Bivariate Statistics Options ↩

Option	Type	Description	Default
‑B, ‑‑bivariate	flag	Enable bivariate statistics computation. Requires indexed CSV file (index will be auto-created if missing). Computes pairwise correlations, covariances, mutual information, and normalized mutual information between columns. The bivariate statistics
‑S, ‑‑bivariate‑stats	string	Comma-separated list of bivariate statistics to compute. Options: pearson, spearman, kendall, covariance, mi (mutual information), nmi (normalized mutual information) Use "all" to compute all statistics or "fast" to compute only pearson & covariance, which is much faster as it doesn't require storing all values and uses streaming algorithms.	fast
‑C, ‑‑cardinality‑threshold	string	Skip mutual information computation for field pairs where either field has cardinality exceeding this threshold.

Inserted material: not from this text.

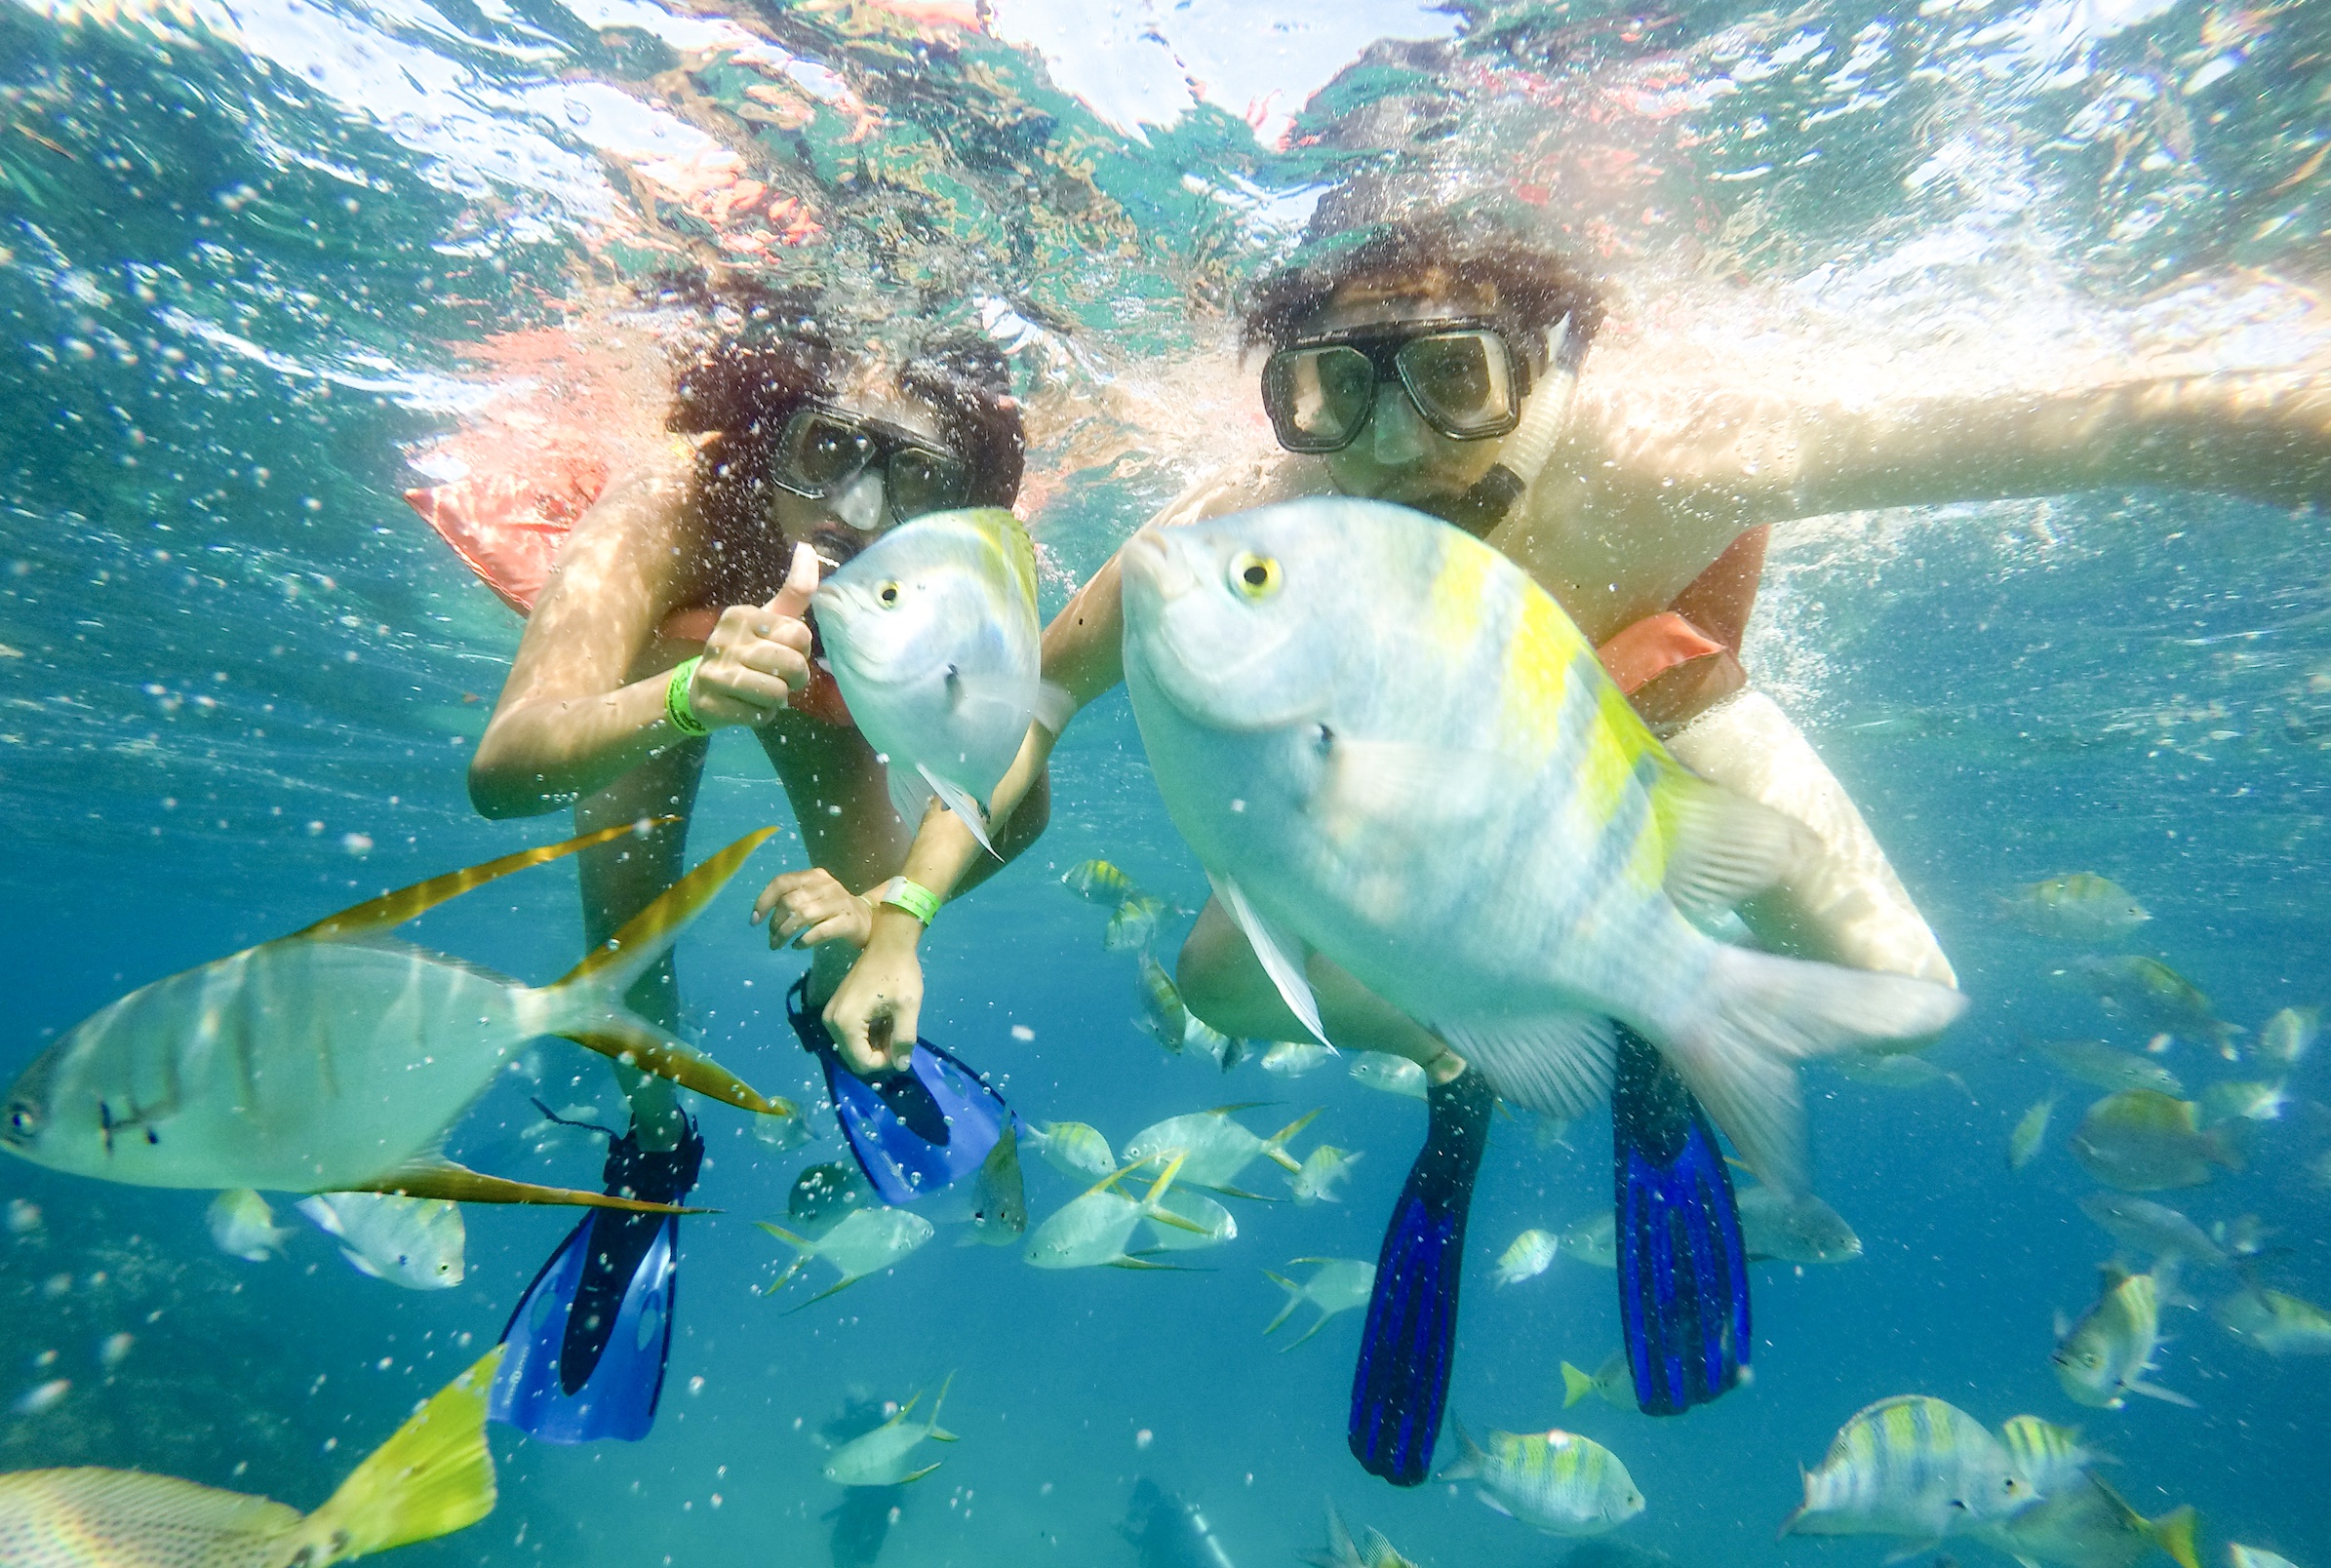 Cabo Snorkeling Tours

Helps avoid expensive computations for high-cardinality fields.	1000000
‑J, ‑‑join‑inputs	string	Additional datasets to join. Comma-separated list of CSV files to join with the primary input. e.g.: --join-inputs customers.csv,products.csv
‑K, ‑‑join‑keys	string	Join keys for each dataset. Comma-separated list of join key column names, one per dataset. Must specify same number of keys as datasets (primary + addl). e.g.: --join-keys customer_id,customer_id,product_id
‑T, ‑‑join‑type	string	Join type when using --join-inputs. Valid values: inner, left, right, full	inner
‑p, ‑‑progressbar	flag	Show progress bars when computing bivariate statistics.

Common Options ↩

Option	Type	Description	Default
‑‑force	flag	Force recomputing stats even if valid precomputed stats cache exists.
‑j, ‑‑jobs	string	The number of jobs to run in parallel. This works only when the given CSV has an index. Note that a file handle is opened for each job. When not set, the number of jobs is set to the number of CPUs detected.
‑h, ‑‑help	flag	Display this message
‑o, ‑‑output	string	Write output to instead of overwriting the stats CSV file.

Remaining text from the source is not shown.